Analysis of the Imagen

Extensive use may be made of increasing the text encoder size. A continuous increase in picture-text alignment and image quality is observed when text encoders are scaled in size. Best results are achieved when trained with our biggest text encoder, T5-XXL (4.6B parameters).

The size of the text encoder should be increased rather than the U-Net. When it comes to sample quality, scaling the diffusion model U-size Net’s improves, but they discovered that scaling the text encoder’s size had a far greater influence.
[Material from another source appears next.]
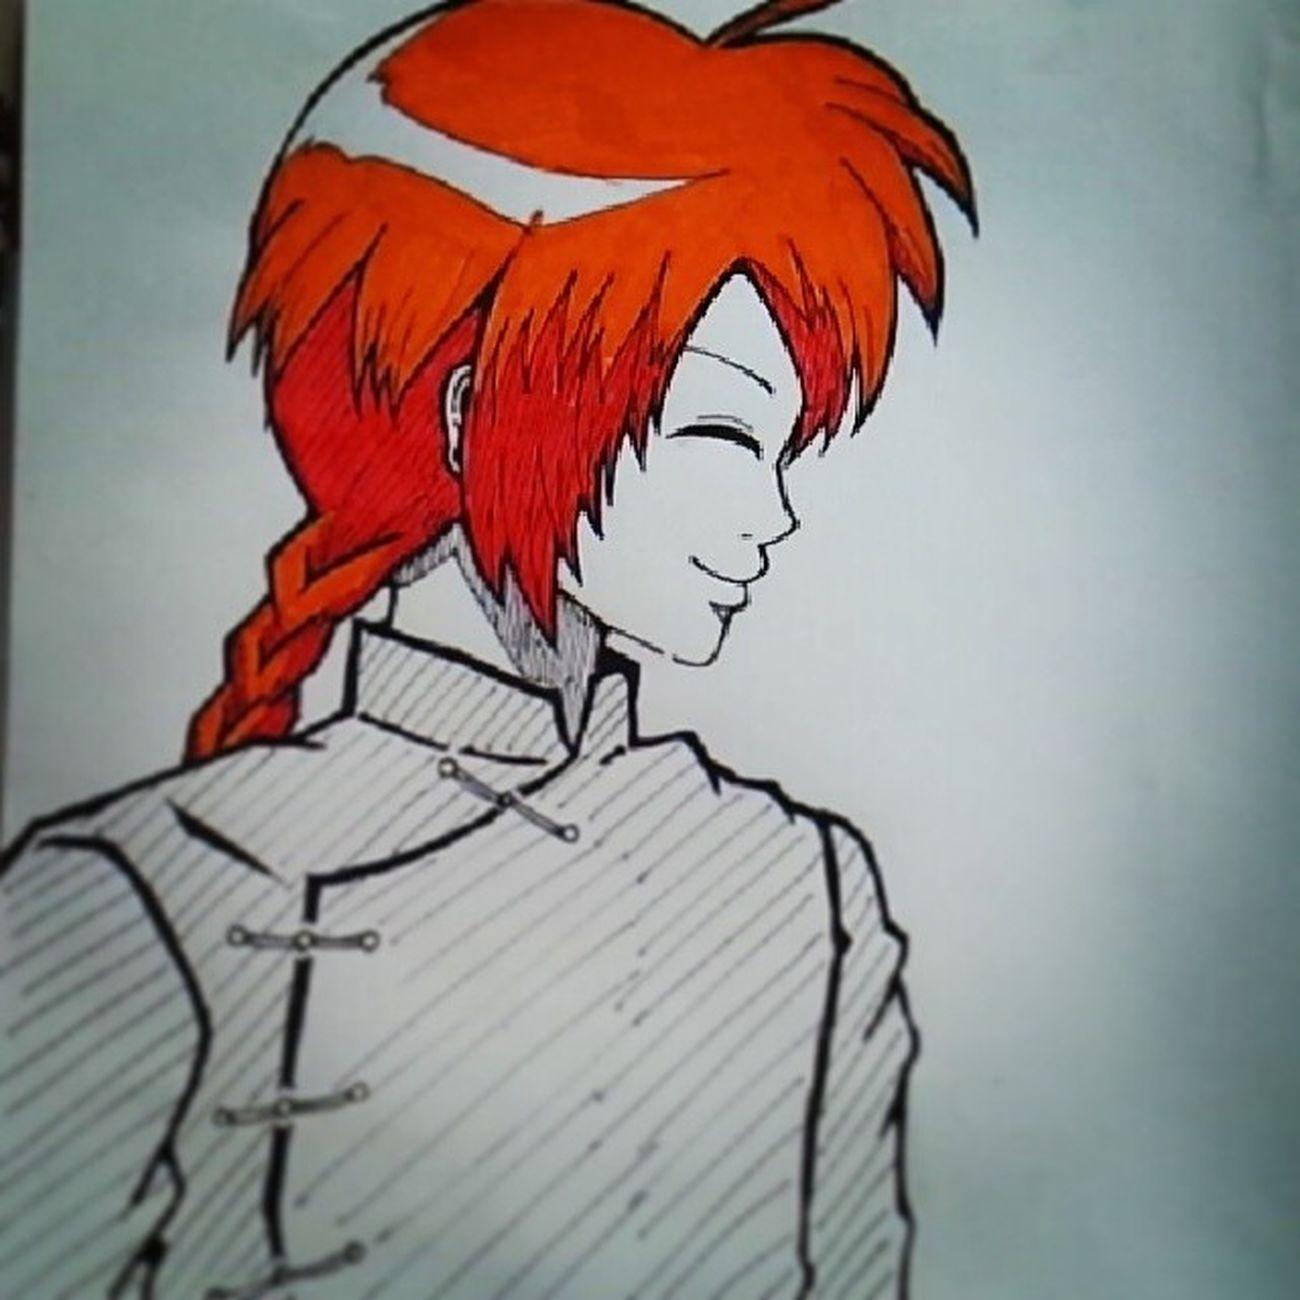 Anime Comic Gintama Kamui Illust 漫画 銀魂 神威 絵

Dynamic thresholding is essential. When high classifier-free guiding weights are present, dynamic thresholding leads in much greater photorealism and alignment with text than static or no thresholding. On DrawBench, human raters prefer T5-XXL over CLIP because of its larger size. On the COCO validation set, the CLIP and FID scores of models trained with T5-XXL and CLIP text encoders are nearly identical. They have found, however, that in all 11 categories, human raters favor T5-XXL over CLIP.
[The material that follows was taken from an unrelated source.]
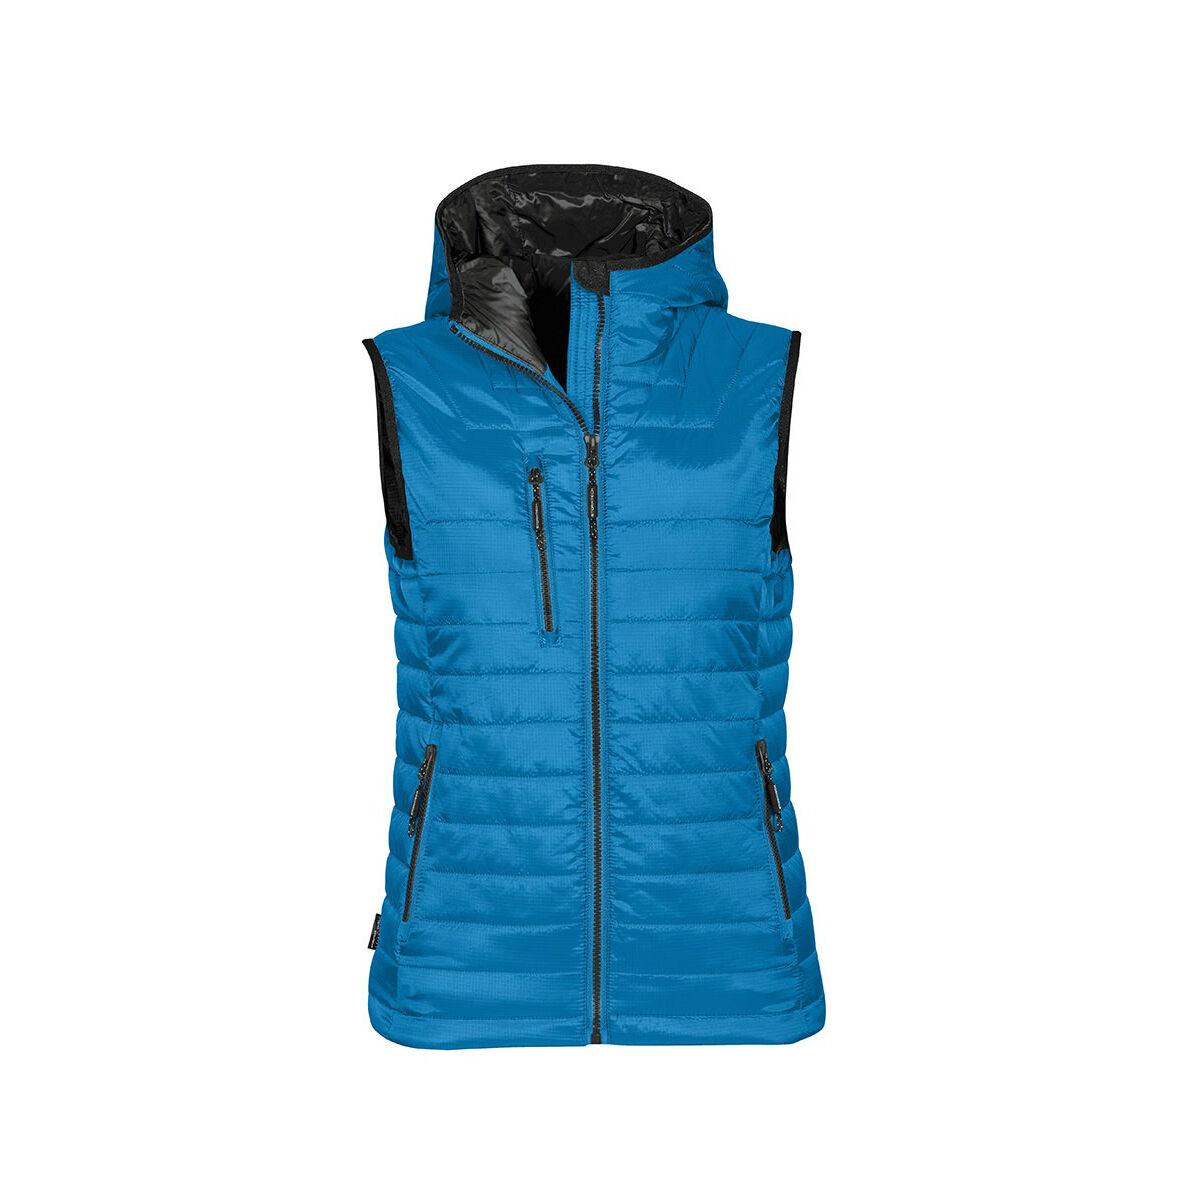 Womens Stormtech Thermal Vest

Enhancement of noise conditioning is essential. Using noise conditioning augmentation to train the super-resolution models results in superior CLIP and FID scores, according to the authors. In addition, we show that noise conditioning augmentation improves CLIP and FID scores at larger guiding weights when applied to the super-resolution model. As a result of adding noise during inference, and using high guiding weights, super-resolution models are able to provide different upsampled outputs while eliminating artifacts from the low-res picture.
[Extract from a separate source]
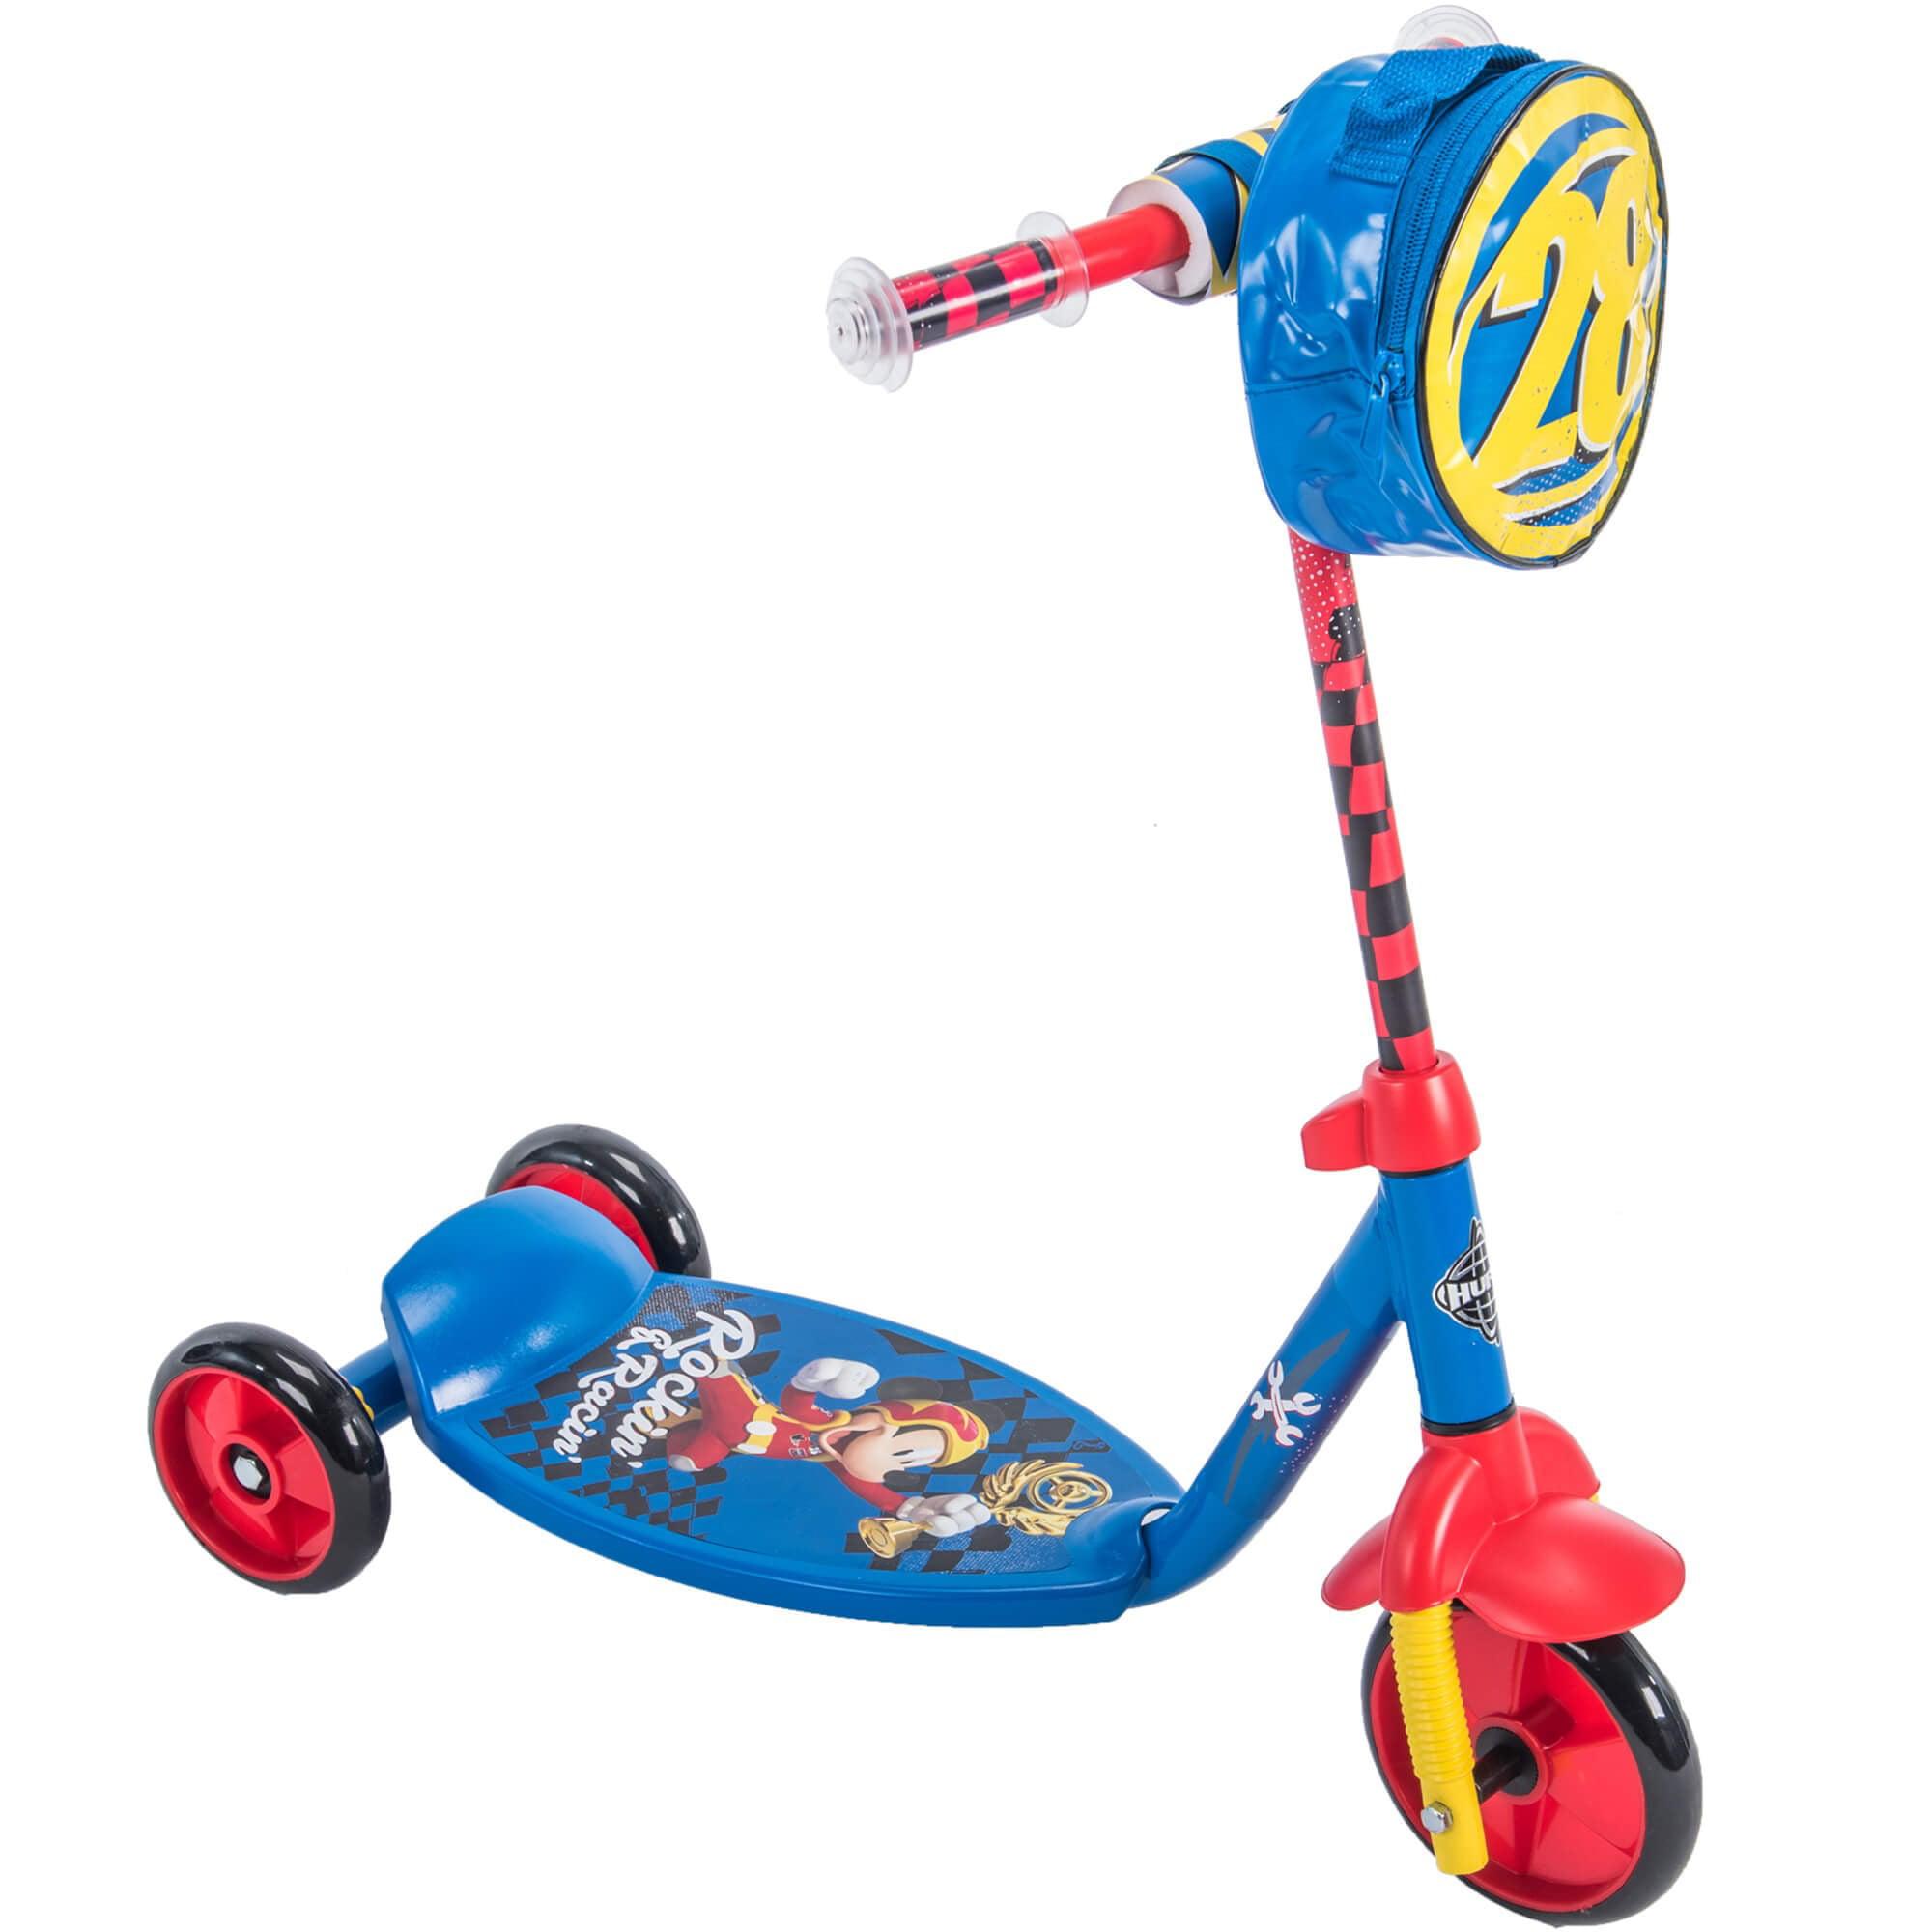 Disney Mickey Mouse Boys' 3-Wheel Preschool Scooter, by Huffy by Disney

The approach used to condition the text is crucial. For both sample fidelity and image-text alignment, conditioning with cross-attention over a succession of text embeddings outperforms simple mean or attention-based pooling. A well-functioning U-Net is a need. Faster convergence, greater sample quality, and a smaller memory footprint are just some of the advantages of their Efficient U-Net implementation.

How Machine Learning is Changing the Way Humans Interact With AI art

In recent years, machine learning and neural net research have been increasingly interested in learning from multimodal data. Image-based “things” such as plants or humans are often constituted of numerous components (a head, a body, two limbs) that may necessitate distinct representations. This makes multimodal data increasingly frequent and difficult to interpret.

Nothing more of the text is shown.